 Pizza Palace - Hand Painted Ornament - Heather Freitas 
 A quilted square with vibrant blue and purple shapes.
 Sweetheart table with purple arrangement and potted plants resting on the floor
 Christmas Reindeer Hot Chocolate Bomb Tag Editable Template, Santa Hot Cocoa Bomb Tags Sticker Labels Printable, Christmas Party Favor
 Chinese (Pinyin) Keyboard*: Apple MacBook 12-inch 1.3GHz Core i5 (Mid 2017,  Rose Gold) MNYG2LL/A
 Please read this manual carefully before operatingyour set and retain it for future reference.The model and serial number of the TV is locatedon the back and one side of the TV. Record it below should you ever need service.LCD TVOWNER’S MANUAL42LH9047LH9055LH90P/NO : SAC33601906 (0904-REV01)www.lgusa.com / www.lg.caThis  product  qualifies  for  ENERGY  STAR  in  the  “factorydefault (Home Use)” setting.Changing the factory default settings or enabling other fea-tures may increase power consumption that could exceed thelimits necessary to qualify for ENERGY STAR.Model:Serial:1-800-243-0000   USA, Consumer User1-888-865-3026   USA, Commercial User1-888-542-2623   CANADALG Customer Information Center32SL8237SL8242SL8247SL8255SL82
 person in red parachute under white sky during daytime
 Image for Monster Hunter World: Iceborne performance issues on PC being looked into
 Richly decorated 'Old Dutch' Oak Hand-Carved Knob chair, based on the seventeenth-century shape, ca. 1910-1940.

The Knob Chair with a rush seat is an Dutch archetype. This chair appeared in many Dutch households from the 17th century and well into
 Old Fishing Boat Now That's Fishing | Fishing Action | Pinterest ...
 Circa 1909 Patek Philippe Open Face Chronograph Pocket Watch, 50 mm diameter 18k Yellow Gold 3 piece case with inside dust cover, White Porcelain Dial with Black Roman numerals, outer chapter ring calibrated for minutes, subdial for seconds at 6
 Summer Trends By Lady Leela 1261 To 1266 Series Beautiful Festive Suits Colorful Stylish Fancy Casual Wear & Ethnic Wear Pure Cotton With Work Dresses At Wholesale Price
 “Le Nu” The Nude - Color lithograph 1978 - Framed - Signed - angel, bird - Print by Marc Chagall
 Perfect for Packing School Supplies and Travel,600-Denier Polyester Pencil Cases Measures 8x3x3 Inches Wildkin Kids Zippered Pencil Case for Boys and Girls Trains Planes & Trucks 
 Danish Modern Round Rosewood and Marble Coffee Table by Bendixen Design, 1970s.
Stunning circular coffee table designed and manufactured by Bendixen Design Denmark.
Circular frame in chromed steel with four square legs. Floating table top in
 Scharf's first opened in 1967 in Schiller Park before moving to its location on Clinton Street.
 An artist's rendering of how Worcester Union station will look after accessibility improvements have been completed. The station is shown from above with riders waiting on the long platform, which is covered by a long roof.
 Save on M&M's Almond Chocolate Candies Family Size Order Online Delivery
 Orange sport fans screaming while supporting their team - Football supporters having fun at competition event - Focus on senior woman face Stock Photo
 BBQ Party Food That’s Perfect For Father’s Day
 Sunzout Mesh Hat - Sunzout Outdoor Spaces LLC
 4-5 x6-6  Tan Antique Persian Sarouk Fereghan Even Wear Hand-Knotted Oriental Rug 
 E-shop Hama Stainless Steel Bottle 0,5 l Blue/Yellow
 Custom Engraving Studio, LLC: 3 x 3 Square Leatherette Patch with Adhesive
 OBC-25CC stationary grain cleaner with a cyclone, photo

= = = =

### TASK
Each line from the start of the records through the line holding "Chinese (Pinyin) Keyboard*: Apple" must be returned exactly; nothing else belongs in the answer.

### OUTPUT FOR THIS TASK
 Pizza Palace - Hand Painted Ornament - Heather Freitas 
 A quilted square with vibrant blue and purple shapes.
 Sweetheart table with purple arrangement and potted plants resting on the floor
 Christmas Reindeer Hot Chocolate Bomb Tag Editable Template, Santa Hot Cocoa Bomb Tags Sticker Labels Printable, Christmas Party Favor
 Chinese (Pinyin) Keyboard*: Apple MacBook 12-inch 1.3GHz Core i5 (Mid 2017,  Rose Gold) MNYG2LL/A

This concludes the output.